Die Presets alleine können so manche musikalische Anforderung schon spielend erfüllen. Doch zur wahren Stärke läuft Analog Factory erst durch die bereitgestellten Parameter auf, die sich in der Keyboard-Sektion befinden. Fest eingerichtet sind auf den Gesamtklang eines Presets einwirkende Regelmöglichkeiten für die Lautstärke, Filter-Eckfrequenz und -Resonanz, sowie eine Modulationssektion mit Reglern für die Geschwindigkeit und Modulationstiefe. Eine vierstufige Hüllkurvensektion ist im Gegensatz dazu mit Schiebereglern ausgeführt. Eine Effektsektion erlaubt schließlich noch die anteilige Einblendung eines Chorus- und Echo-Effekts. Mit diesen eher als Standard zu bezeichnenden Parametern sind schon mannigfaltige Klangvariationen möglich. So richtig mächtig wird das Instrument jedoch durch die vier so genannten Key Parameter, die für jedes geladene Preset individuell vier weitere Parameter zur Verfügung stellen, die in die Binnentextur des Klangs eingreifen. So lassen sich beispielsweise im Arp 2600-Preset namens Talking Mod die Grobstimmung von Oszillator eins, die Filterfrequenz des FM2-Filters, sowie das Attack und Decay der ersten Hüllkurve zusätzlich beeinflussen. Einige Prophet VS-Presets erlauben über zwei Regler beispielsweise die Funktion des Joysticks auszuführen und bei Prophet 5-Presets den Eingriff in die Polymod-Sektion (siehe Test in Ausgabe 7/2006). Im Praxis-Einsatz entdecken wir Presets mit Parametersätzen, die eine Veränderung des Ursprungs-Klangs bis zur Unkenntlichkeit ermöglichen. In anderen Presets wiederum manipulieren sie nur subtil, etwa indem die Lautstärke-Anteile von Oszillatoren regelbar sind. Die Bedienung und Editierung ist aufgrund der überschaubaren Anzahl an Reglern einfach und intuitiv.

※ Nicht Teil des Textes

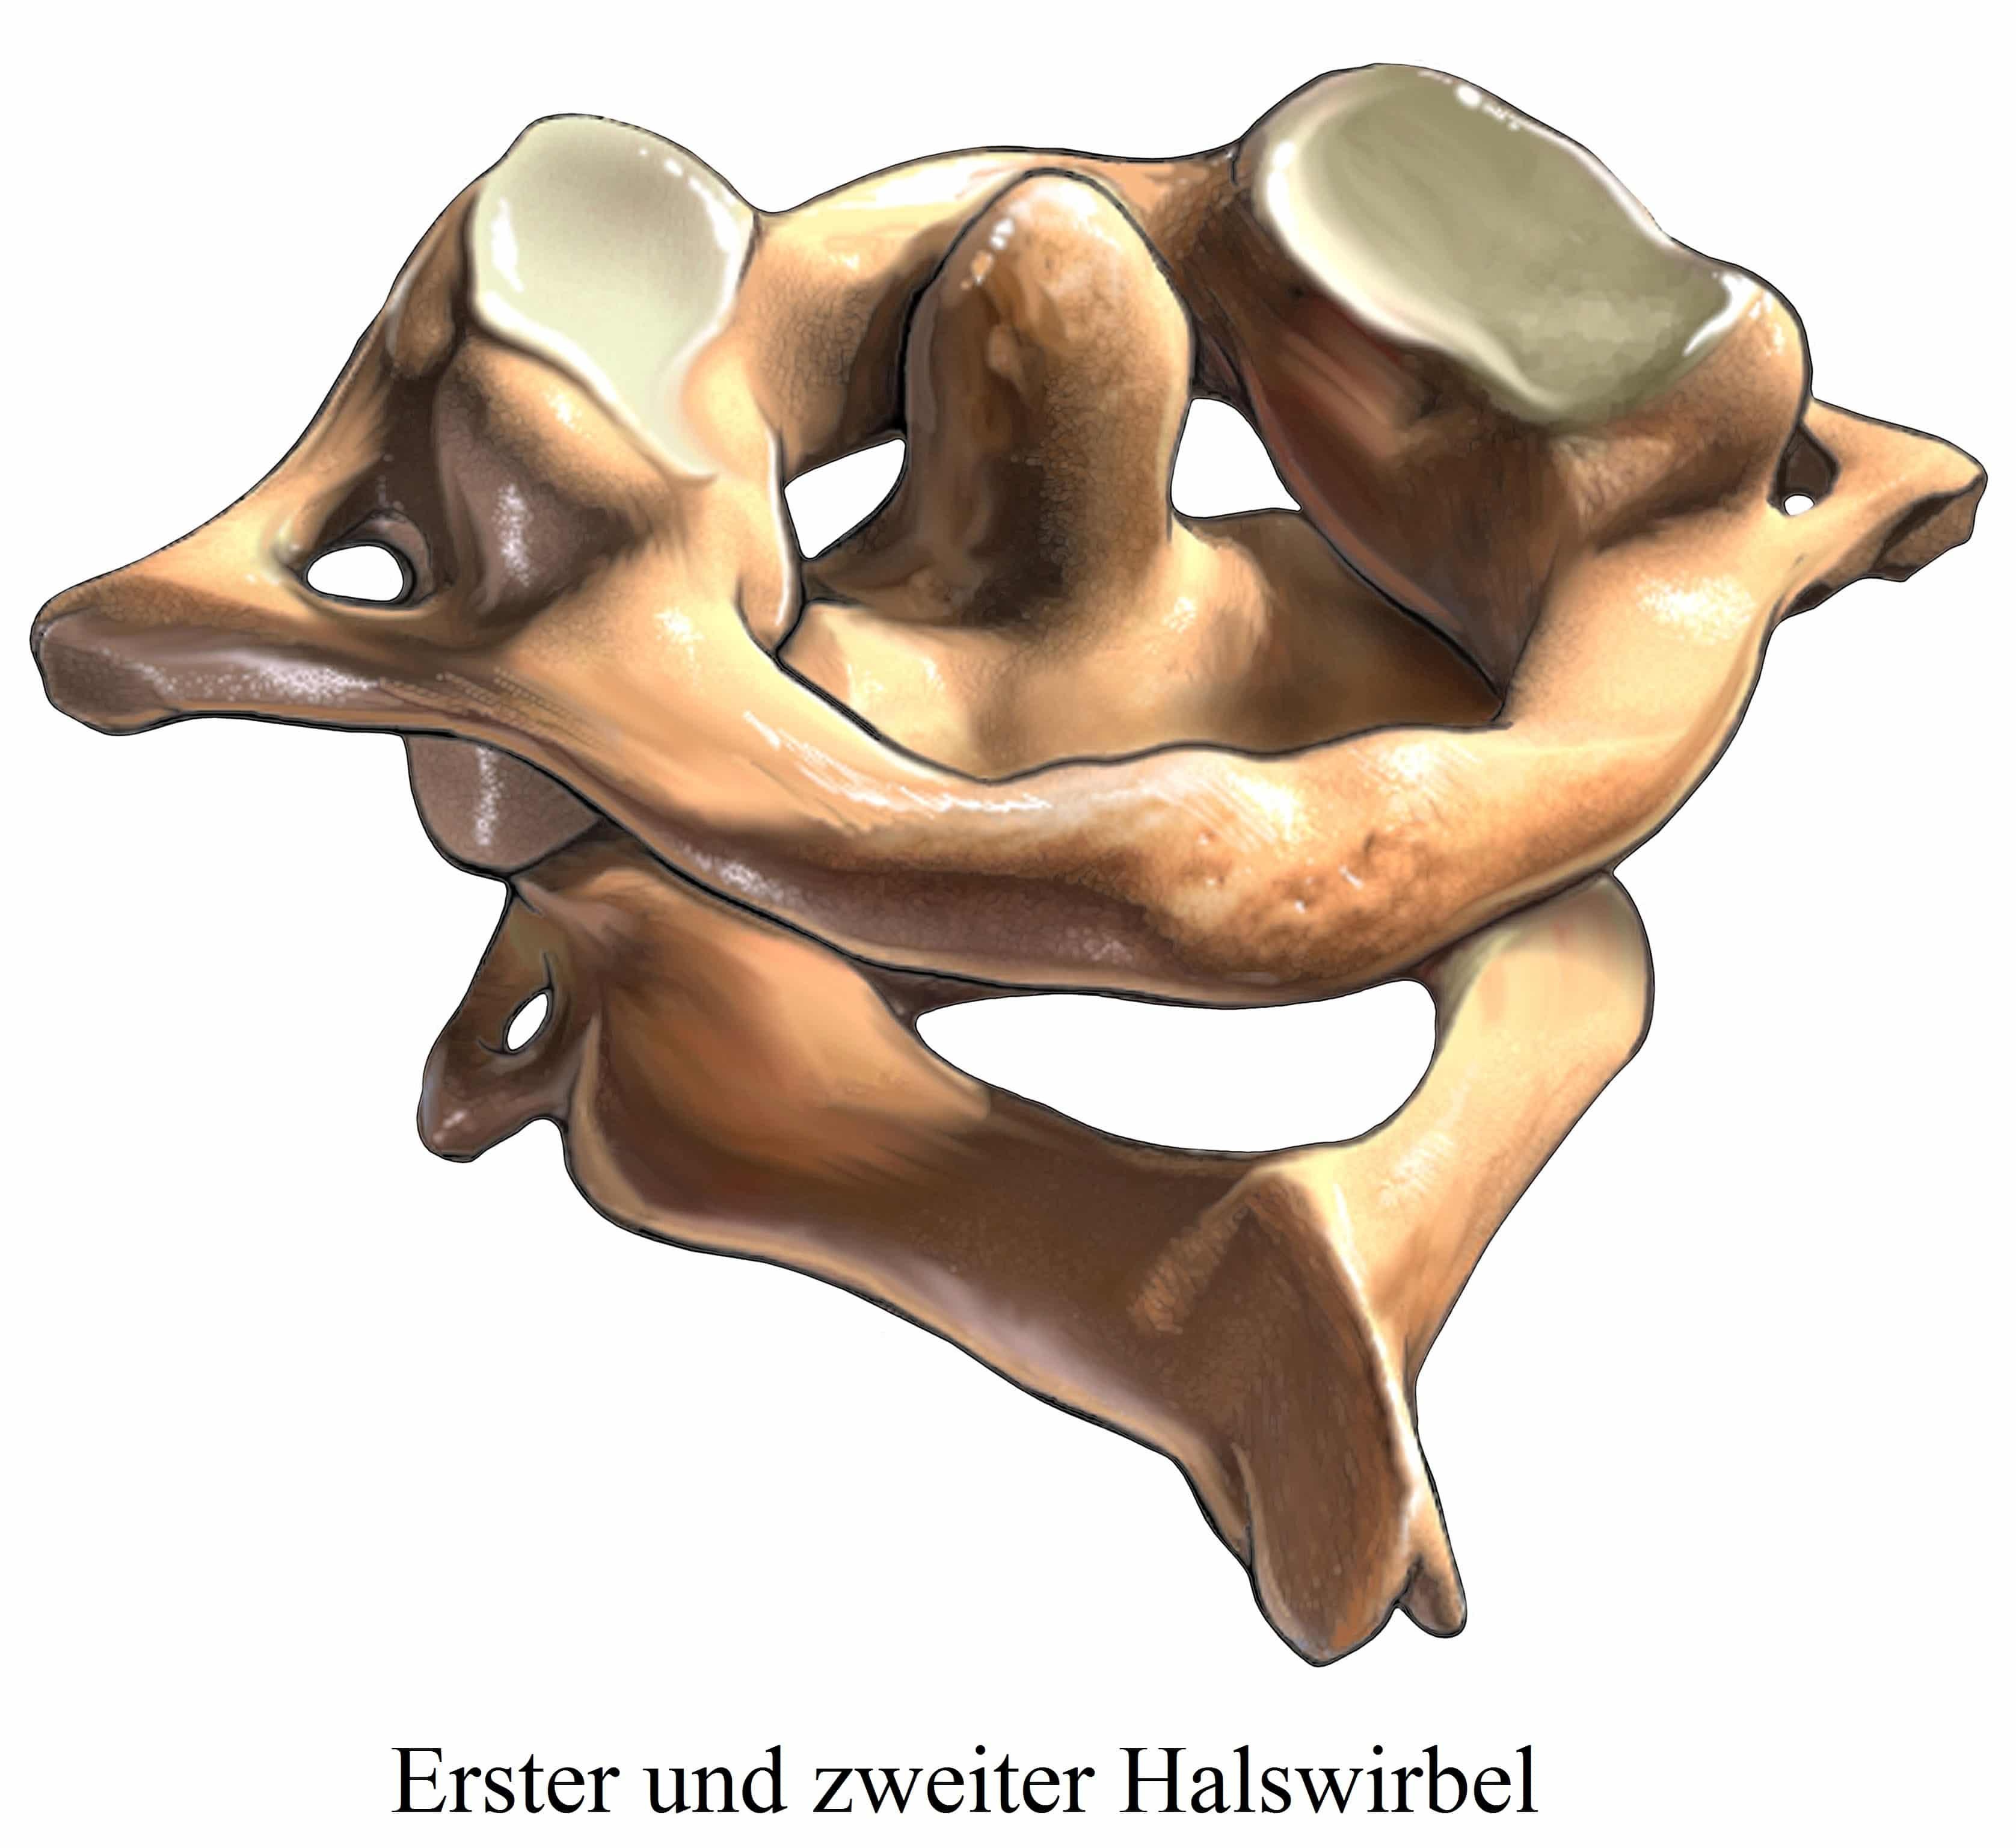 Halswirbel

Unter den acht schwarzen Tastern oben links verbirgt sich eine so genannte Snapshot-Funktion: ein zusätzliches Plus in Sachen Ansteuerung und Verwaltung. Ein geladenes Preset lässt sich in Kombination mit der Shift-Taste und einem Mausklick auf eine der schwarzen Snapshot-Tasten dort abspeichern. Ein normaler Mausklick auf eine der Tasten ruft das zuvor gespeicherte Preset wieder auf. Vorteil: Zuvor erstellte Editierungen an den Parametern merkt sich das Programm beim Abspeichern auf eine Snapshot-Taste.

Es lassen sich also sowohl acht unterschiedliche Presets für ein schnelles Abrufen von Sounds im Live-Einsatz, als auch ein einziges Preset mit jeweils acht unterschiedlichen Parametereinstellungen zu Vergleichszwecken auf den Tasten ablegen. Das ist recht komfortabel, weshalb wir vermissen, dass die Belegung dieser Tasten nicht als gesondertes Set beziehungsweise Sound-Bank abzuspeichern ist. Immerhin behält das Programm die abgelegten Presets nach einem Neustart im Speicher. Es geht also nichts verloren. Eine Möglichkeit zur Sicherung modifizierter Klänge besteht im Speichern von Einzel-Presets in einer separaten User-Bank. Beim Abspeichern erscheint dazu ein Dialog, der es erlaubt, die Modifikation in den Kategorien Typ und Charakter zu definieren, um sie so für die Such- und Sortierfunktion des Preset-Managers zu indizieren. Alle Eigenkreationen sind danach über den User-Button des Preset-Managers abrufbar und lassen sich ebenfalls über die Auswahl-Buttons der Typ- und Charakter-Kategorien fein sortieren.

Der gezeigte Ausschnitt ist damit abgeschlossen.